Is that descriptive or normative?
Purely descriptive. On a broadly subjectivist metaethics, it also has normative implications.
Well fine, but what if somebody decides to execute his adaptation by means of direct stimulation of the brain center in question. Surely that counts as wireheading, no?
I eiher don’t understand your hypothetical or you didn’t understand the linked post.
But I’ll try: if you’re talking about an agent whose utility function really specifies stimulating one’s brain with contraptions involving wires (call this wireheading#) as a terminal value [ETA: or, more plausibly, specifies subjective pleasure as a terminal value], then their wireheading# activities are not [ETA: necessarily] wireheading as discussed here, it seems to me.
Let’s do this: Can you give me a few examples of human behavior which you see as execution of adaptations?
I agree it’s a good post, but it’s a bit depressing how common wireheading is by this definition.
Giving head is wireheading, so to speak.
No it isn’t, at least for most humans. When most people give head it is because they desire to make someone else have a pleasurable experience, and when most people receive head it is because they want to have a pleasurable experience. They get exactly what they want, not a counterfeit version of what they want. Ditto for masturbation.
I think you are assuming that giving head is wireheading because you are thinking that people don’t desire pleasurable sexual experiences as end in themselves, that sex is in fact some instrumental goal towards some other end, like reproduction. But that simply isn’t the case. People like sex and sex-like experiences, full stop. Any evolutionary reasons for why we evolved to like them are morally irrelevant historical details.
This is wireheading, but only in the sense that a paperclipper is wireheading when it makes paperclips.
Humans have been given a value system by evolution and act on it, but given the changing environment, the actions do not optimize for the original implicit goal of evolution.
A paperclipper is given a goal system by its creator and it acts on it, but since the engineer did not think it through properly, its goal system does not match the actual goals of the engineer.
And so, I would not call it wireheading.
Agreed. Paperclipping and oral sex are both not wireheading, because they fulfill the goal systems of the agents doing them perfectly, it is the goal system of the creator of the agent that is being subverted.
Well what if they masturbate with a machine, for example “Pris” from Blade Runner, designed to intensify the stimulation?
Or better yet, what if they use a machine which connects directly with the nerves that run to the sex organs in order to make it simpler and easier?
Or better still what if they use a machine which interfaces directly with the brain by means of a wire in order to give the most intense stimulation possible?

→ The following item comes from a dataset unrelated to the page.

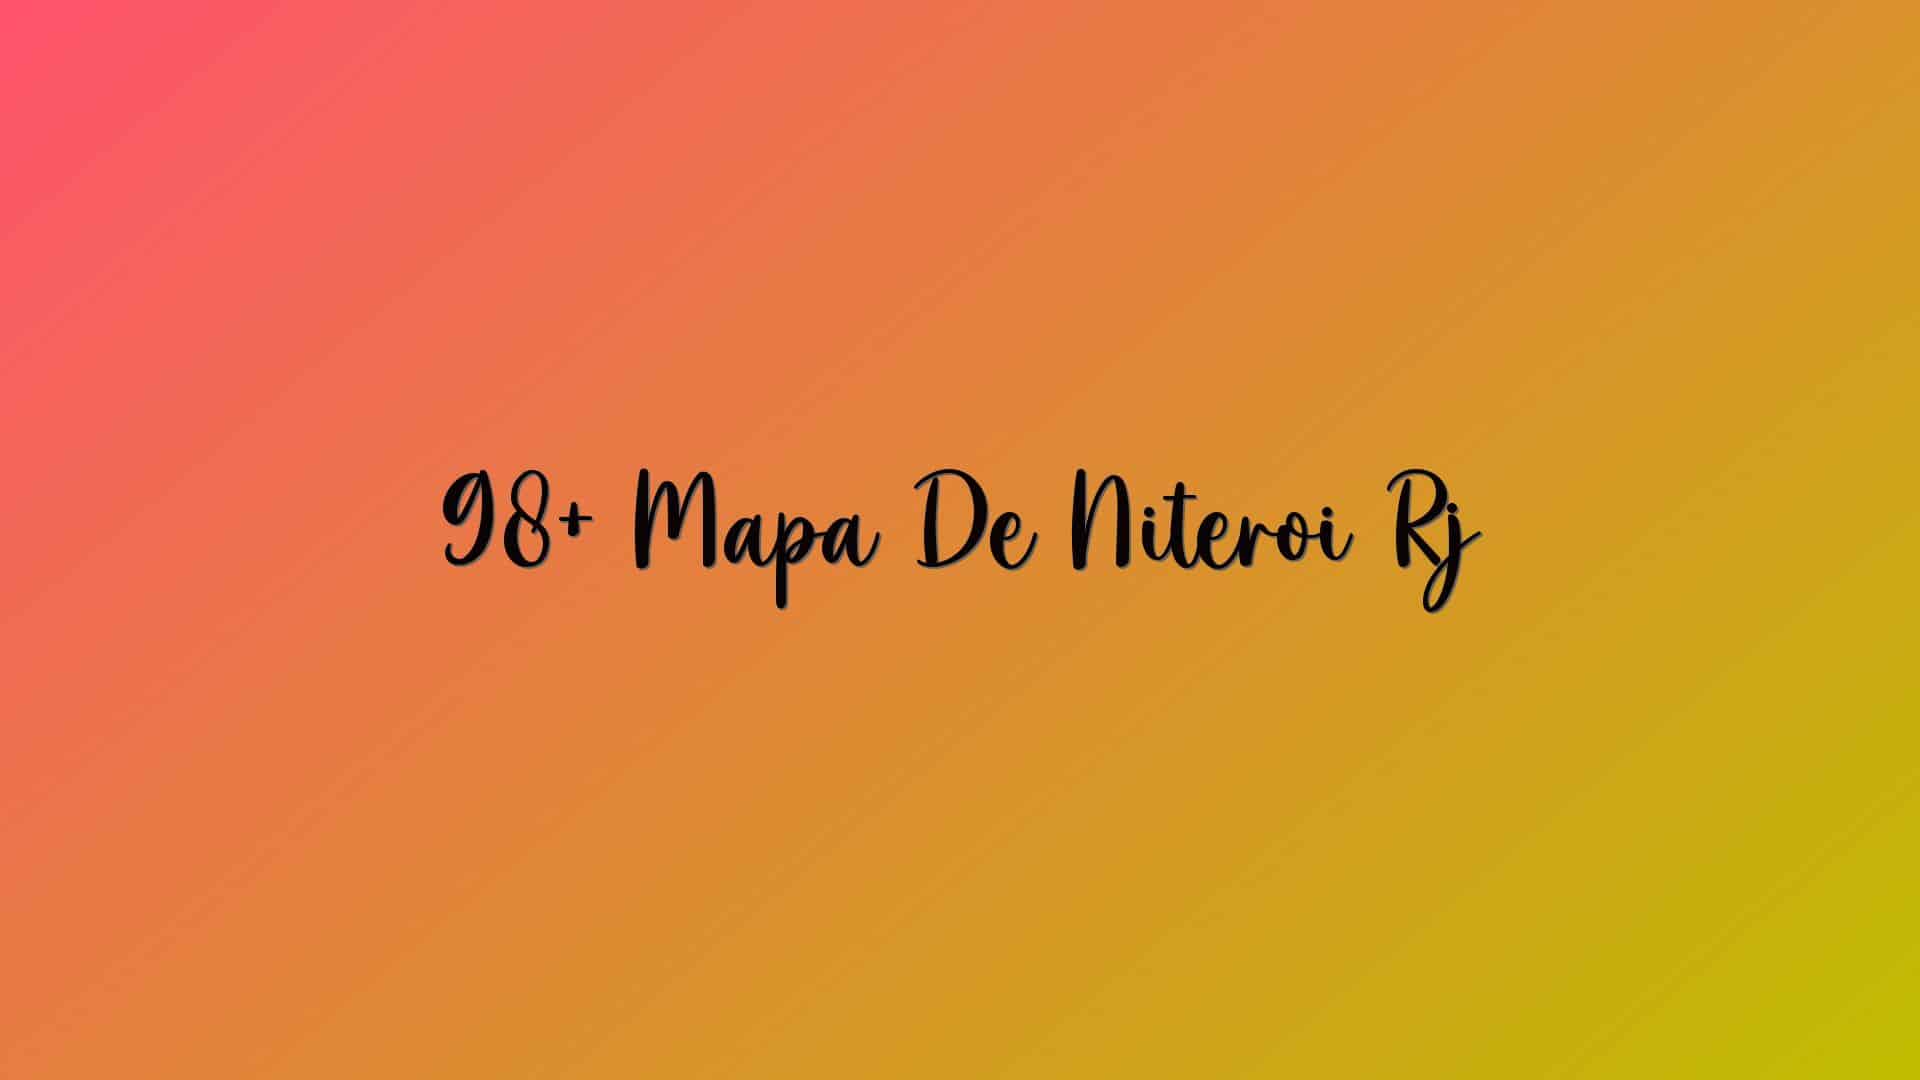 98+ Mapa De Niteroi Rj
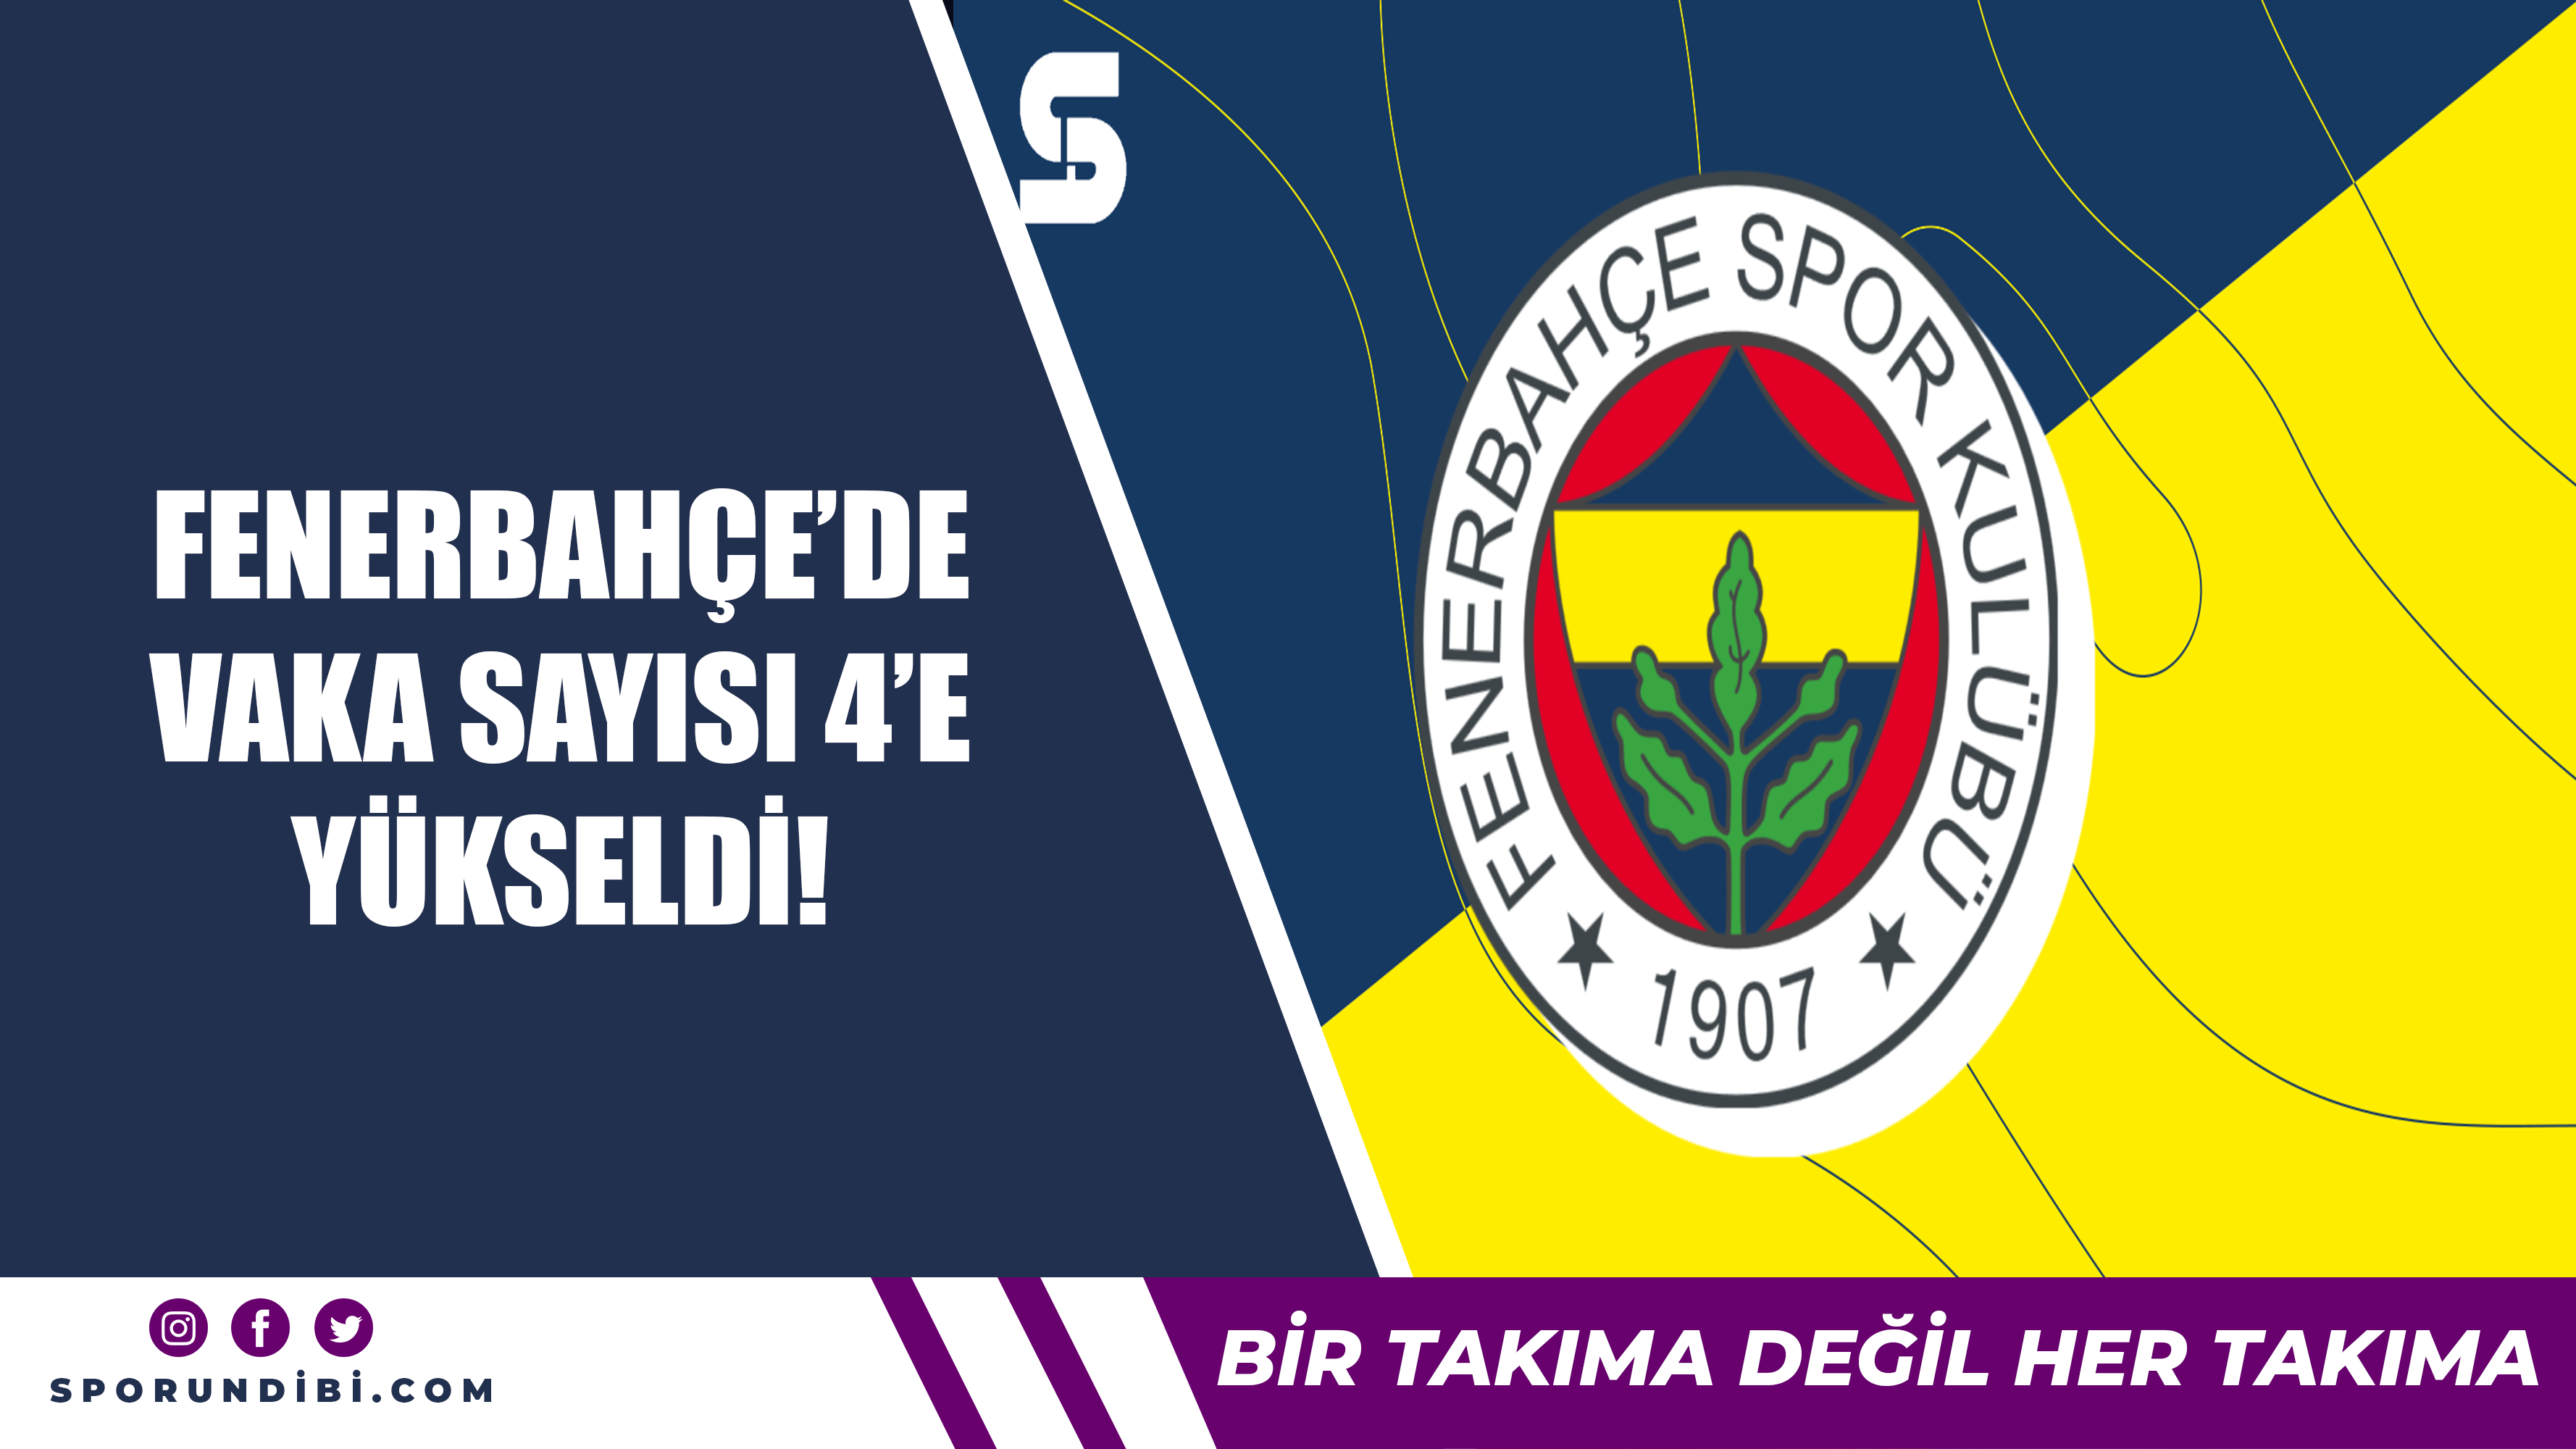 Fenerbahçe'de vaka sayısı 4'e yükseldi!

If the goal is (sexual) pleasure, then none of these things are wireheading?
And isn’t putting a wire into one’s brain in order to get pleasure pretty much automatically wireheading by any reasonable definition?
So it’s not wireheading if you put a wire into your brain to give yourself intense sexual stimulation? How can that not be wireheading?
When I say that people want “sex and sex like experiences” I don’t just mean they want an orgasm or pleasure. The positive nature of a sexual experience has many different facets (companionship, love, etc.), pleasure is just one facet (albeit a very important one). Giving head contains pretty much all of those facets, so it isn’t wireheading.
In each of the examples you give you gradually remove every other facet of sexual experiences other than pleasure, until only pleasure is left. That is how the OP defines wireheading, simplifying one’s utility function and then satisfying the simplified version, even in instances where it is different than the real one.
If we go with the definition of “wireheading” as “simplifying one’s utility function and then following the simplified version even in instances where it conflicts with the real one,” then putting a wire into your brain to give yourself sexual stimulation is wireheading if what you really want to do is have sex. By contrast, if all you really want is pleasure, then it isn’t wireheading.
So if somebody decides that he wants to maximize his pleasure in life, and decides to do so by literally having himself wireheaded, then that person does not count as a “wirehead”?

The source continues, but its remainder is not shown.